Natalya Lusty classifies the novella as a Surrealist anti-Bildungsroman. Rather than depicting adolescence as a process of accommodation to society and mature identity, it follows characters whose development intensifies their estrangement from social, moral and narrative order. Lusty also traces the form's later reworking in the fiction of Kathy Acker.

==Cultural references==

- In Jean-Luc Godard's film Weekend (1967), Corinne recounts an orgy in a long monologue. Many of its details derive from the first two chapters of Story of the Eye.

- In Richard Linklater's film Before Sunrise (1995), Céline, played by Julie Delpy, is reading Story of the Eye when Jesse, played by Ethan Hawke, first notices her on a train. The published screenplay likewise introduces Céline as reading Bataille's book. The appearance of the book has been interpreted as anticipating the film's interest in transgression, resistance and erotic discomfort.

- The American indie-pop band of Montreal explicitly mentions Bataille and Story of the Eye in “The Past Is a Grotesque Animal”, from the 2007 album Hissing Fauna, Are You the Destroyer?. The song's narrator recalls meeting a woman who appreciated Bataille and discussing the novella with her at a Swedish music festival.

- Elias Bender Rønnenfelt, vocalist of the Danish punk band Iceage, identified Story of the Eye as an influence on his writing for the band's 2013 album You're Nothing. He said that its combination of bizarre events with “beauty and ecstasy” had stimulated his interest in both reading and writing.

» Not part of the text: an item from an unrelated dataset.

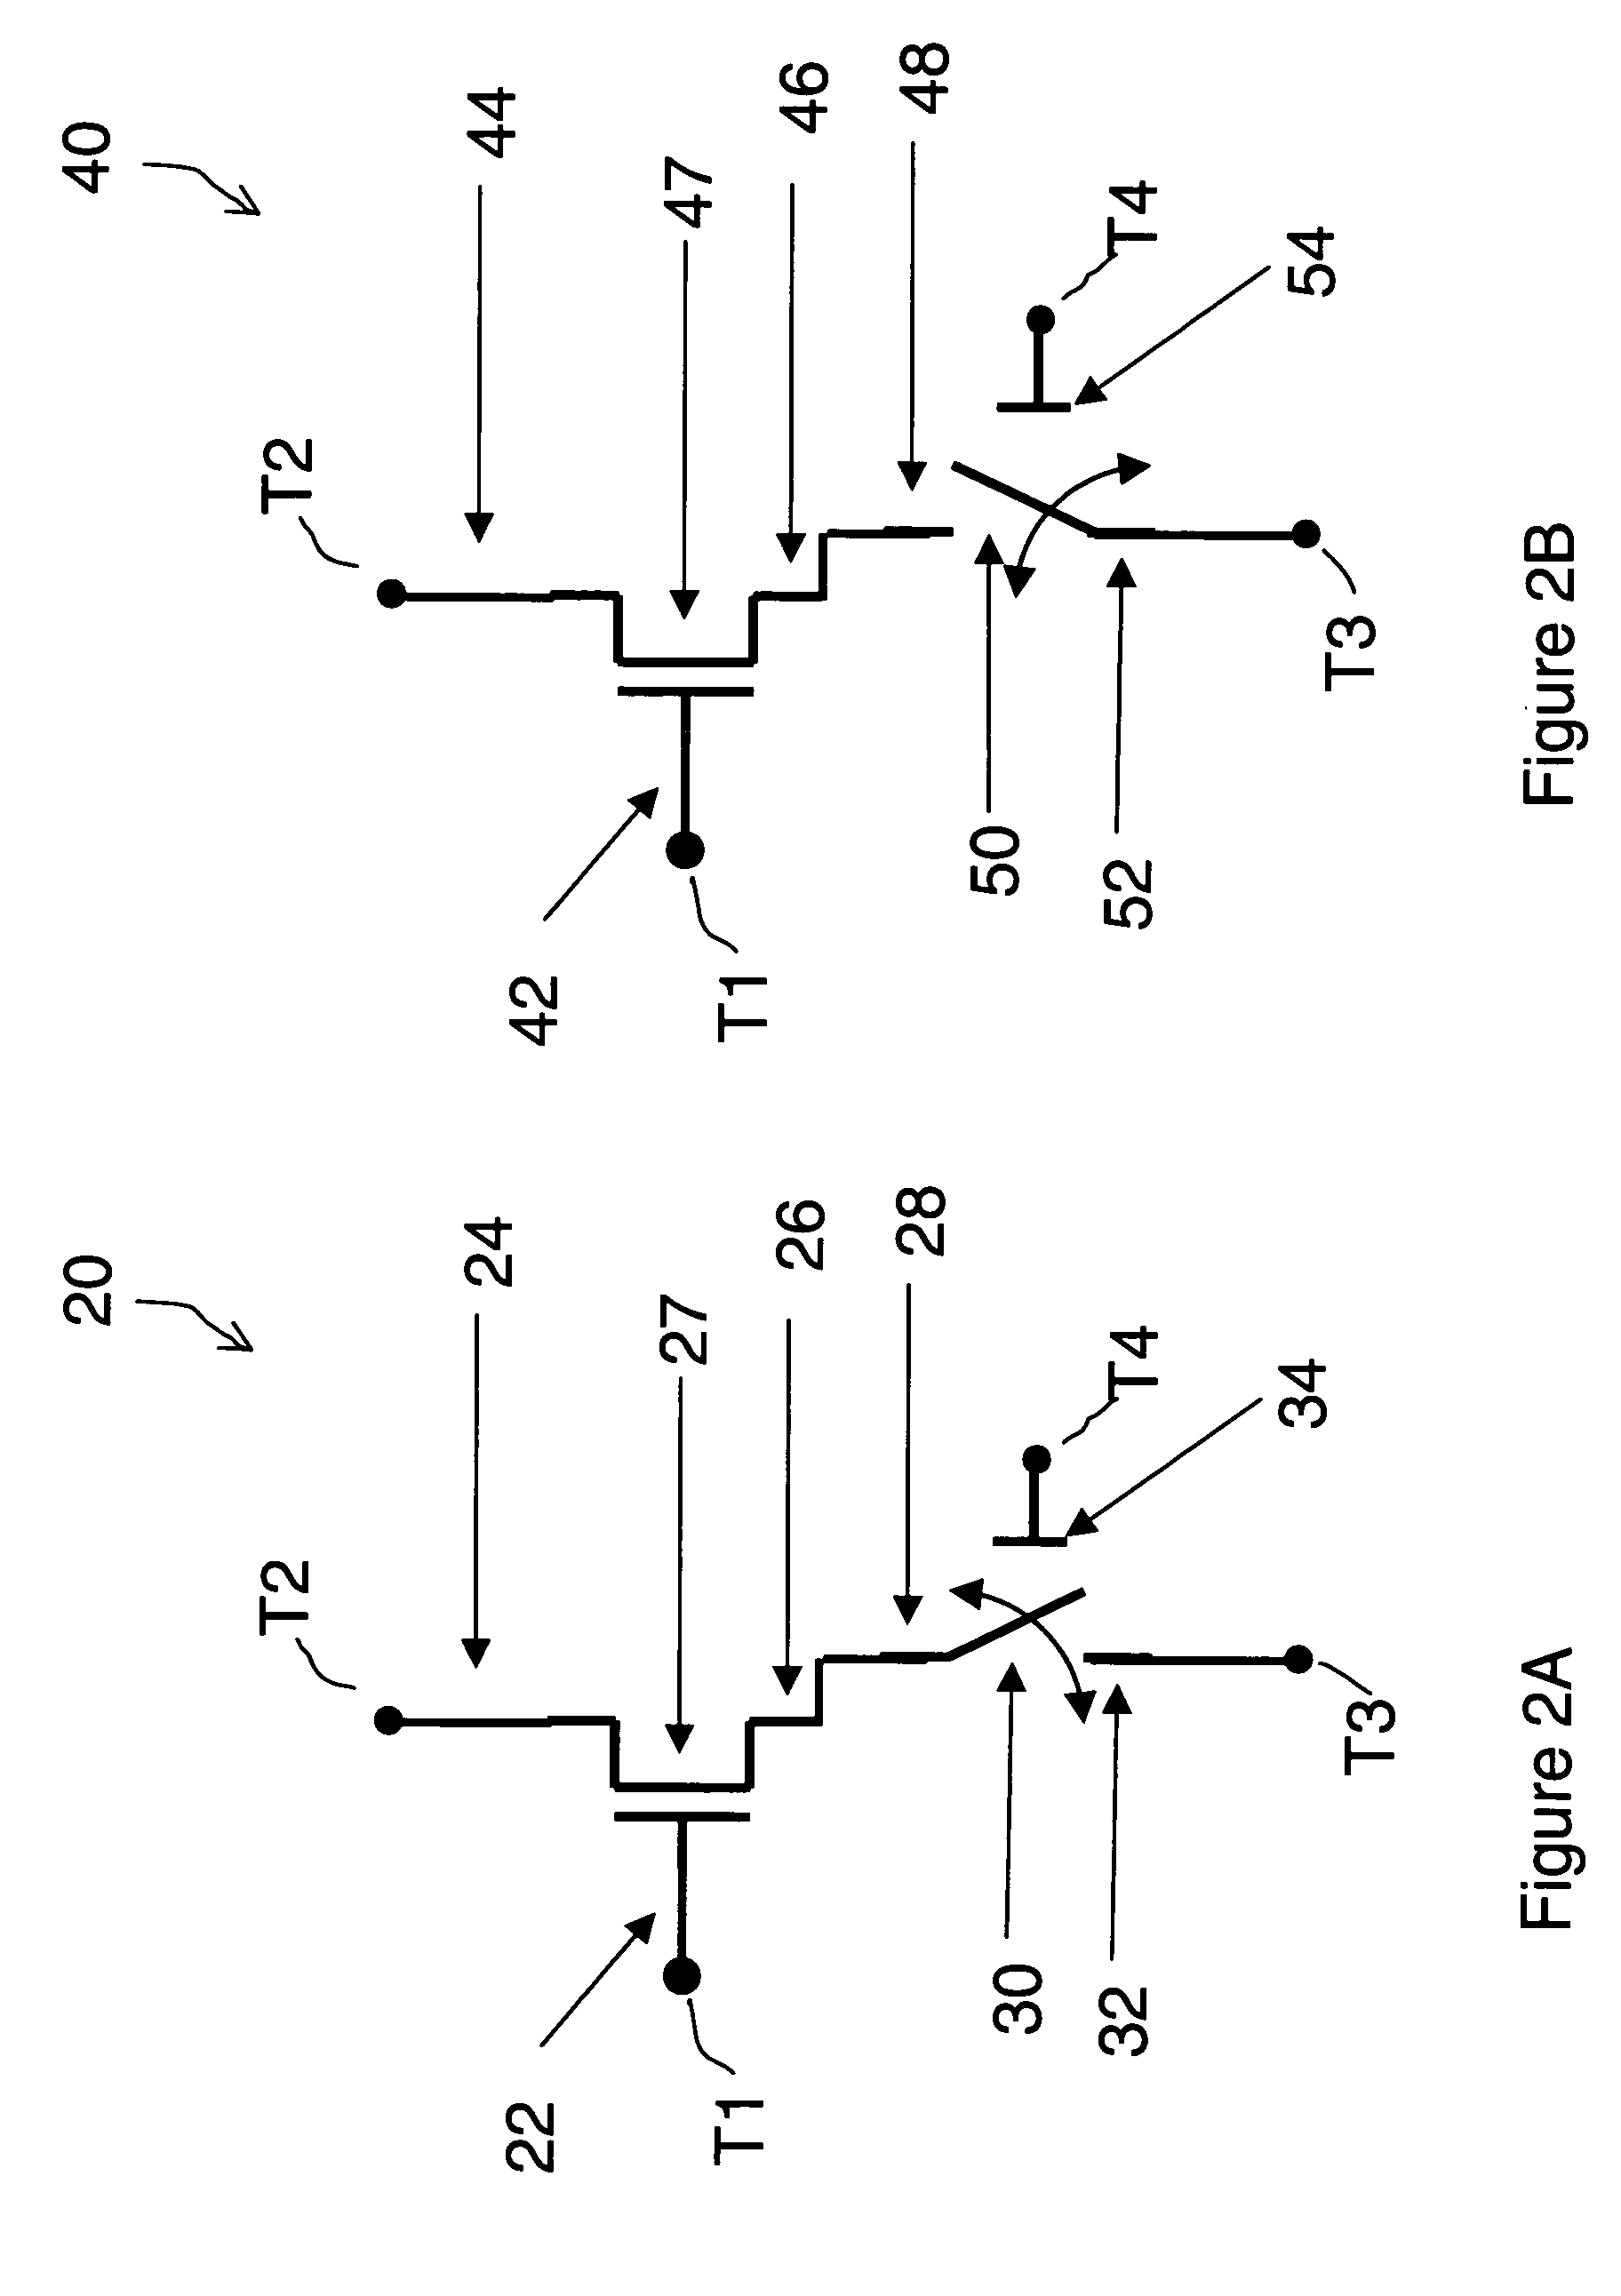 Field effect devices having a source controlled via a nanotube switching element

- Björk has repeatedly expressed admiration for Story of the Eye, which she first read at the age of seventeen. In a 1994 interview, she said that the book had helped convince her that she was “not insane” and praised the imaginative freedom of its treatment of fantasy and desire. Before the filming of the music video for her 1993 single “Venus as a Boy”, Björk gave director Sophie Muller a copy of the novella. The finished video shows Björk handling and cooking eggs in a kitchen, invoking one of the book's principal recurring objects. Björk later joked that frying the egg was inconsistent with the soft and liquid qualities emphasized in Bataille's narrative.

==Adaptations==

- Simona (1974), written and directed by Patrick Longchamps, is an Italian–Belgian film loosely based on the novella.
- George Bataille's Story of the Eye (2004), directed by Andrew Repasky McElhinney, is an 81-minute American experimental feature based on the book.
- In 2022, Brazilian director and performer Janaína Leite premiered História do Olho – Um Conto de Fadas Pornô-noir (History of the Eye – A Porn-noir Fairy Tale), a loose theatrical adaptation combining Bataille's fiction with testimony and material developed by its performers.